What are Expires headers?
The Expires HTTP header tells the browser that it can store a resource in the browser cache. By caching static assets, subsequent page views are faster as these resources no longer need to be downloaded.
Typically assets like images, stylesheets, fonts, and JavaScript files can be cached.
An Expires header looks like this:
Fri, 10 Jul 2026 05:00:00 GMT
Cached resources can be re-used if the visitor needs the resource again before that date.

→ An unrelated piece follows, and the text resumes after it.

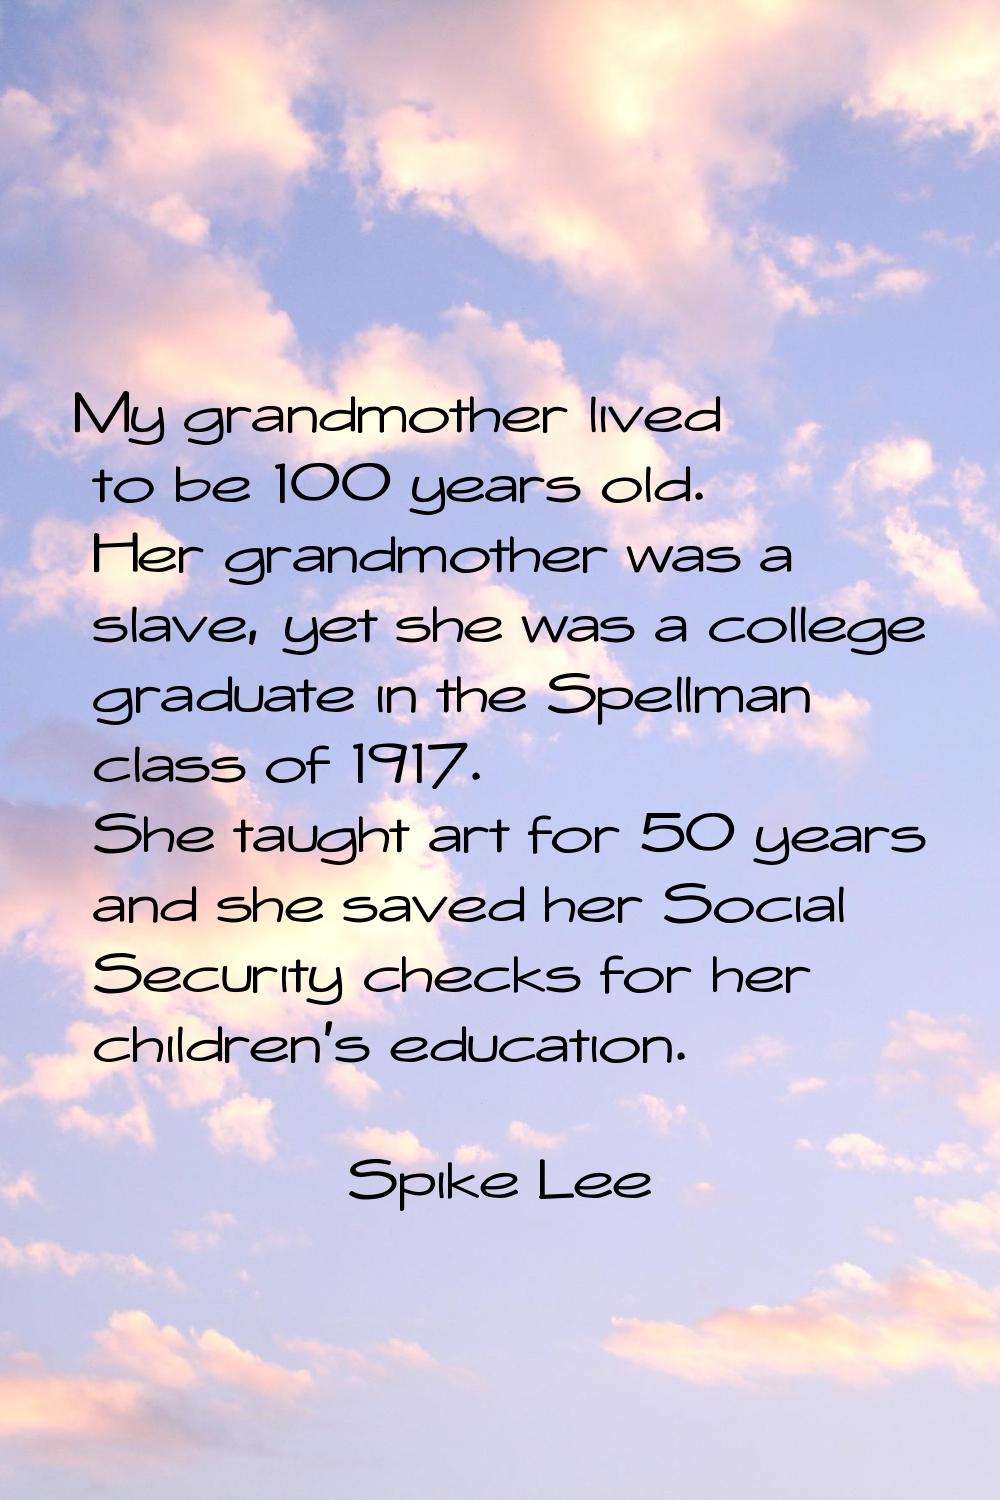 My grandmother lived to be 100 years old. Her grandmother was a slave, yet she was a college gradua

The timezone for the Expires header always needs to be GMT.
Add expires headers recommendation in Pingdom
The Pingdom speed test tells you whether add an Expires header could improve the performance on your website.
You can also use other tools like the DebugBear page speed test or PageSpeed Insights to check whether caching will make your website faster.
That way you can also see what specific resources could be optimized.
How to set an Expires header
The concrete steps you need to take to add the Expires header to responses depend on your hosting infrastructure.
For example, if your website is an Express.js app, you can add the header like this:
// Cache for 30 days
const expireAfterMs = 30 * 24 * 60 * 60 * 1000;
const expiresAt = new Date(Date.now() + expireAfterMs);
res.set("Expires", expiresAt.toUTCString());
Or, if you have an Apache .htaccess
file, you can add new headers like this:
<IfModule mod_expires.c>
ExpiresActive on
ExpiresDefault "access plus 0 seconds"
ExpiresByType text/javascript "access plus 30 days"
</IfModule>
Better page speed with cached responses
After adding an Expires header, your website will provide better performance for any subsequent page views. We can test this by enabling the Warm Load setting in DebugBear.
On the subsequent page load content appears much earlier than before. The jquery.js
request in the request waterfall now no longer needs to be downloaded from the server and loads practically instantly.
We can also see a big improvement in our website performance metrics. For example, the Largest Contentful Paint score dropped from 2.8 seconds to 1.1 seconds.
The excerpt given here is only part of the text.